Analysis of binomial variables with random effects I have a study where each of the 43 items is a question to which the response may be A or B and I want to infer whether A has been chosen significantly more than B. There are 20 participants and 43 items, I have thus 20*43= 860 rows in my datafile. I know I can run a binomial test/chi square, but my problem is that these tests don't take into account the unmeasured correlation between responses due to participants and questions.
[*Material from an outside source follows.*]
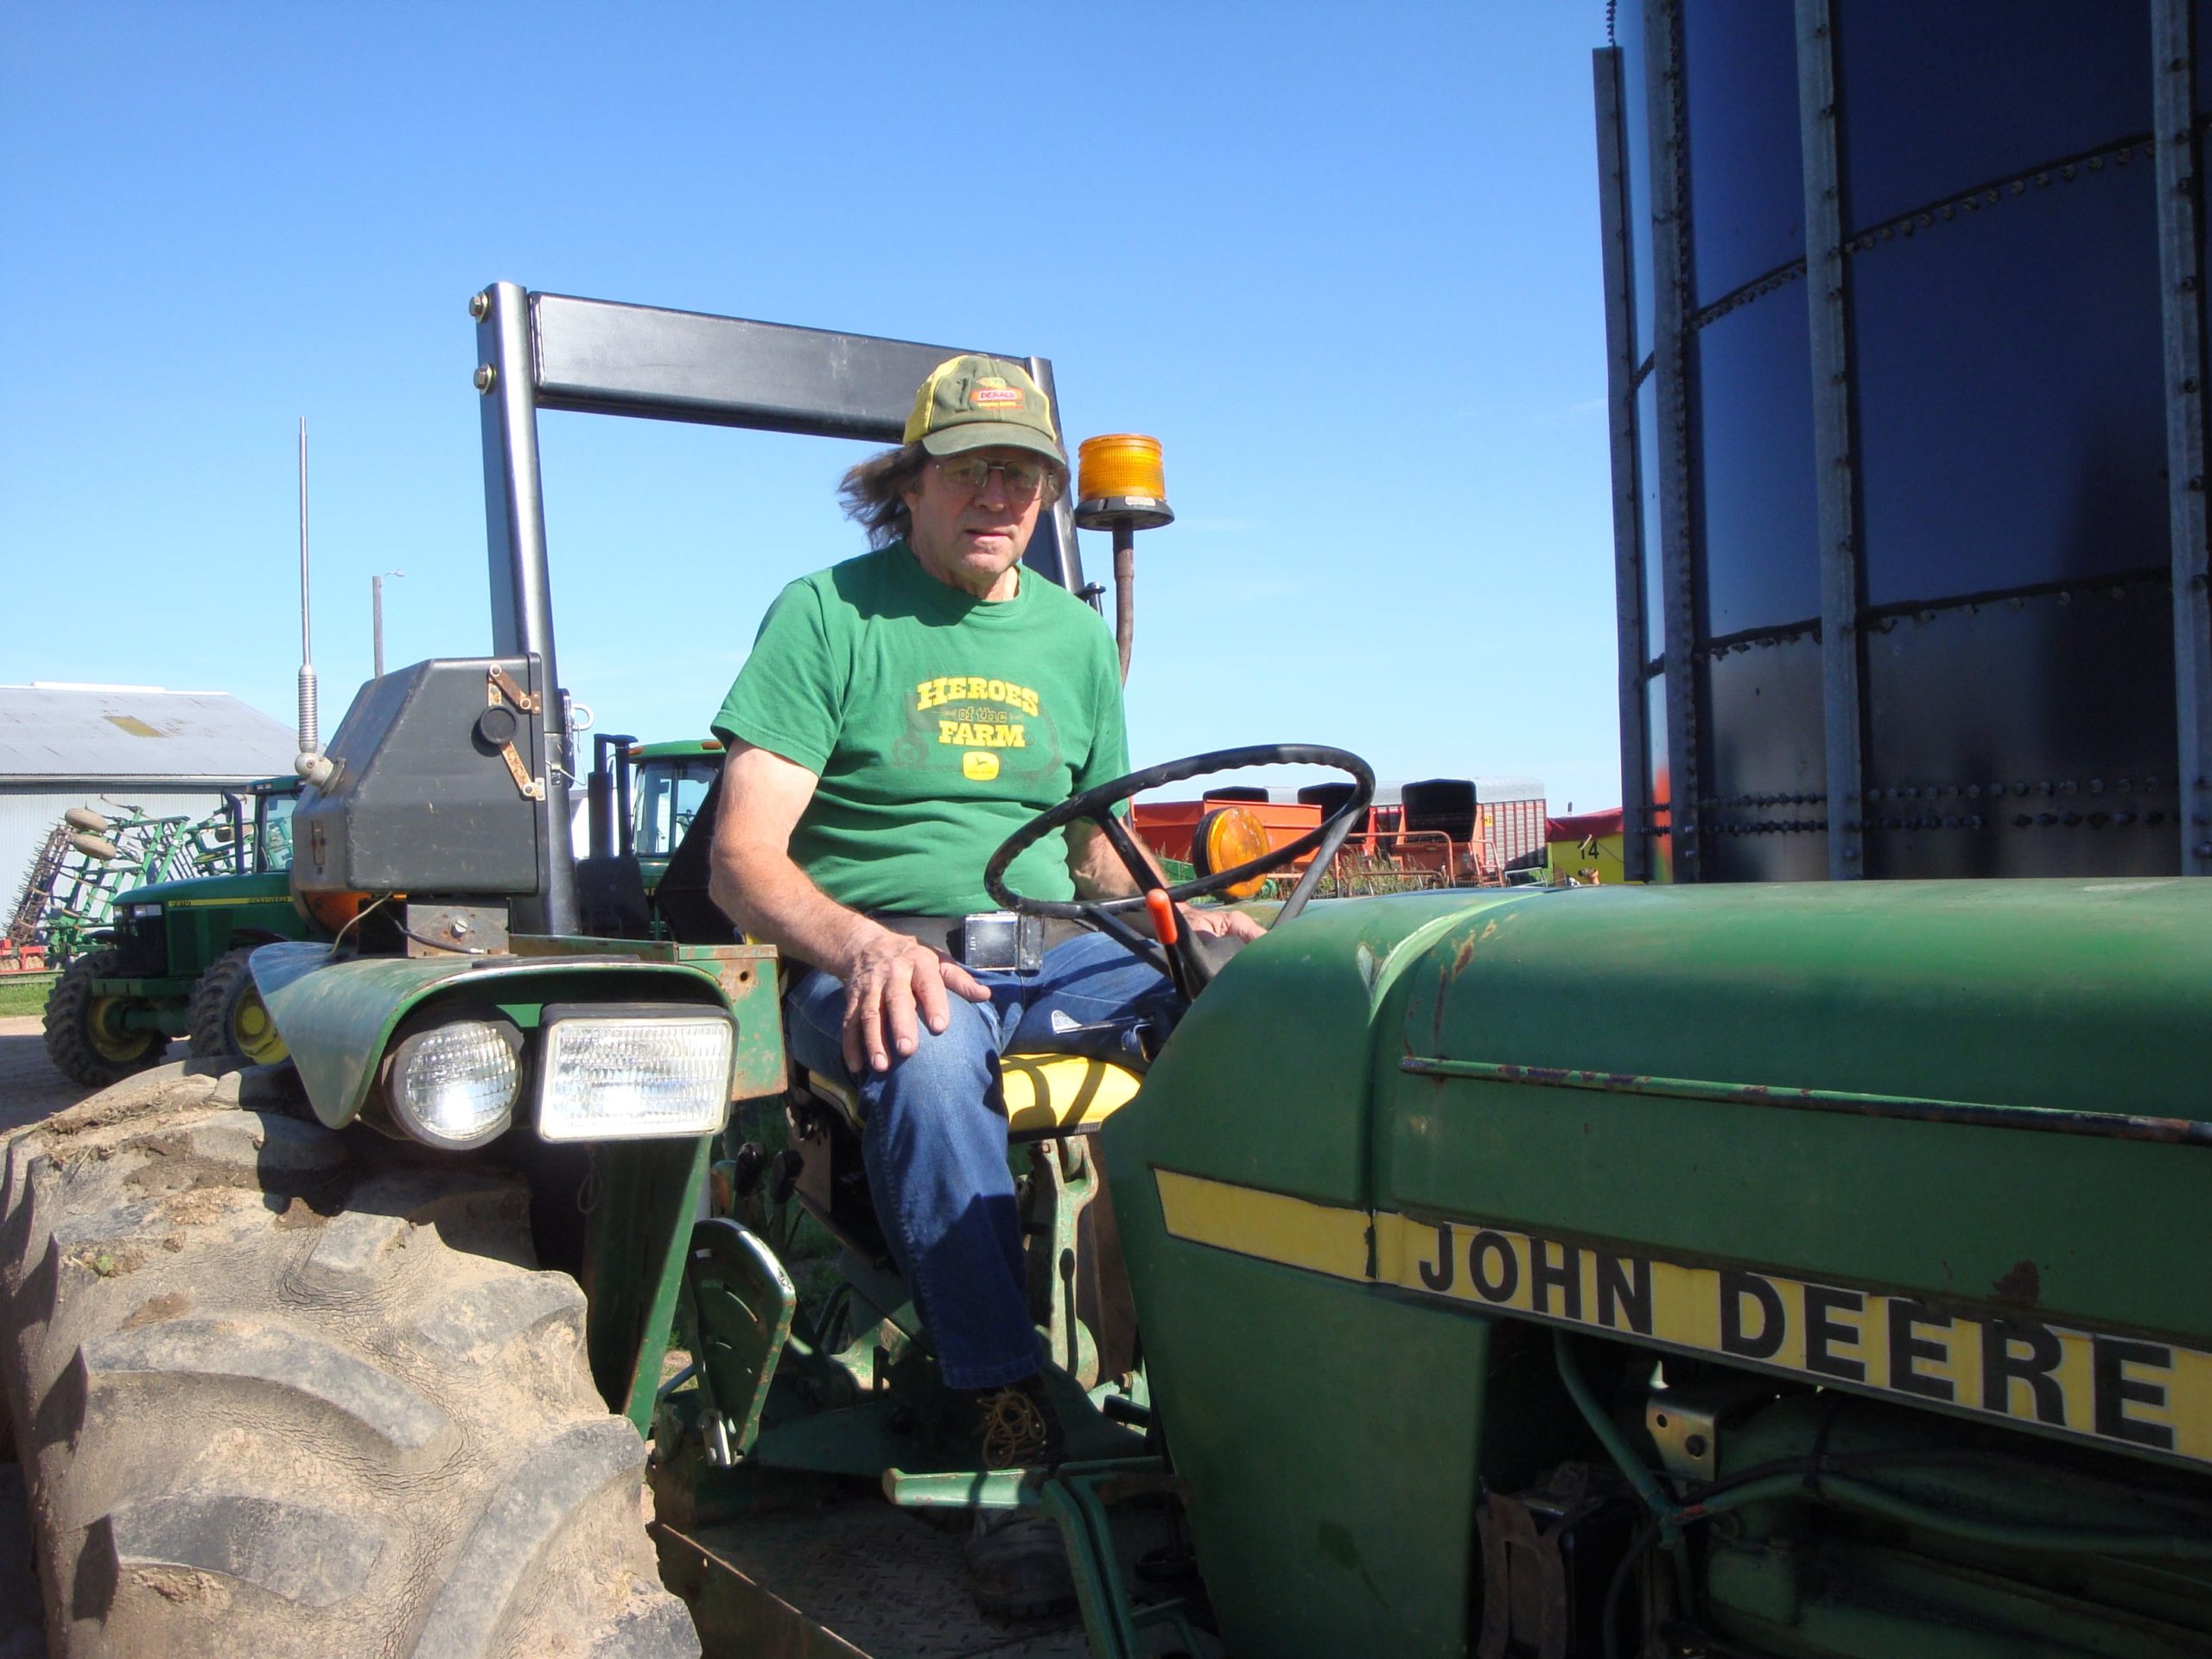 Wood County Farm Bureau member Clarence Boerboom retrofitted his John Deere 2940 through the National Farm Medicine Center Wisconsin ROPS Rebate Program. The Farm Center will hold a drawing for a free ROPS during the Wisconsin Farm Bureau Federation annual meeting, Dec. 5-6, at Kalahari Resort in Wisconsin Dells.

 A: You can use a mixed effects model, a logistic regression with random intercepts for question and for participant. If you have data in long format, something like
participant  question answer
1            1        A
1            2        B
 .
 .
 .
n            1        A
n            2        A

the logistic regression will have a linear predictor
$$ \eta_{ij} = \mu + \alpha_i + \beta_j $$
where $\alpha_i$ is a random intercept for participant $i$ and $\beta_j$ a random intercept for question $j$. Then the model is completed by stipulating that
$$
   \alpha_i \stackrel{\text{iid}}{\sim} \mathcal{N}(0,\sigma^2_\alpha) \\ 
   \beta_j \stackrel{\text{iid}}{\sim} \mathcal{N}(0,\sigma^2_\beta)
$$
If you have some other covariates you can build from here.
In R something like
df <- <your data frame>
library(lme4)
mod0 <- glmer( answer ~ (1 | participant) + (1 | question), 
               data=df, family=binomial )

This is similar to the setting in item response theory, so look through item-response-theory.  See also the tag elo, since such rating systems are based on similar models. An interesting applications is the chess puzzles on lichess where both solver and quizz will get its own random parameter (but they will be updated according to how the puzzle is solved).